Cheryl Lucas flagged
Lindsey down around 2 am at the corner of Palmer and King Streets on a
rainy summer night in June of 1995. They had gone less than a block
before she grabbed some money from the dash and bailed out of the
vehicle. She ran down the railroad tracks towards Crackhead Corner, but
Lindsey was able to catch up with her and crushed her skull with a pry
bar. Her body was found several days later by boaters at the Moultrie
Creek boat ramp.
Lindsey also
plead guilty to the murders of Donetha Haile and
Diana Richardson, even though their bodies have
never been found. Donetha went missing in April of 1993 after
spending the day with Lindsey at his trailer on Masters Farm. On
the drive back to King Street, she revealed that she was HIV-positive.
"I started planning
to kill her. When we got to the end of the paved road I just stopped the
truck and started beating her. I hit her with my fist about six or seven
times and she went out....completely unconscious. I went to the woods
about 30 feet along the bank and threw her in the creek."
Diana disappeared in
October, 1999 when she agreed to Lindsey's offer of money for sex.
Lindsey later stated that he had taken her to the same borrow pit where
he had killed Connie Terrell. During sex, Diana somehow angered Lindsey
and he hit the back of her head hard enough to knock her unconscious
with a single blow. Dragging her from the car, he dumped her body in the
borrow pond where it floated out a short distance and then sank some
thirty feet.
The Aftermath
It was a
Christmas card from retired deputy Fred Thompson to his former
boss, Sheriff Neil Perry that finally brought William Darrell
Lindsey to justice. It is a testament to the close-knit ties of
life in a small town and the persistence of law enforcement. A
newspaper clipping enclosed in that Christmas card reached the St.

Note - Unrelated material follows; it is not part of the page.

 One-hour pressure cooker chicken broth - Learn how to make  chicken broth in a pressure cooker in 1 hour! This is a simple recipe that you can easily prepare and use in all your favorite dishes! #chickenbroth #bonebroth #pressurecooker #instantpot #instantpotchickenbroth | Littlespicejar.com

Johns County Cold Case Homicide Task Force in January of 1997. The
months of research and interviews that followed resulted in
Lindsey being extradited from Ashville, NC to St. Augustine, FL
ten months later. The cooperation between the Buncombe County
Sheriff's office and Sheriff Perry's task force ensured that
Lindsey would be tried for six murders.
In July of 1999,
William Darrell Lindsey plea bargained his way out of a death sentence
and was given 30 years in Florida's Cross City Correctional Institute.
He is due to be released on December 11, 2025 at the age of 90. At
seventy-one, his words to detectives handling his case still ring
chillingly true:
"You've got to
understand that there's a good Bill and a bad Bill. Good Bill is a
decent person...Bad Bill is a person society needs to be afraid of."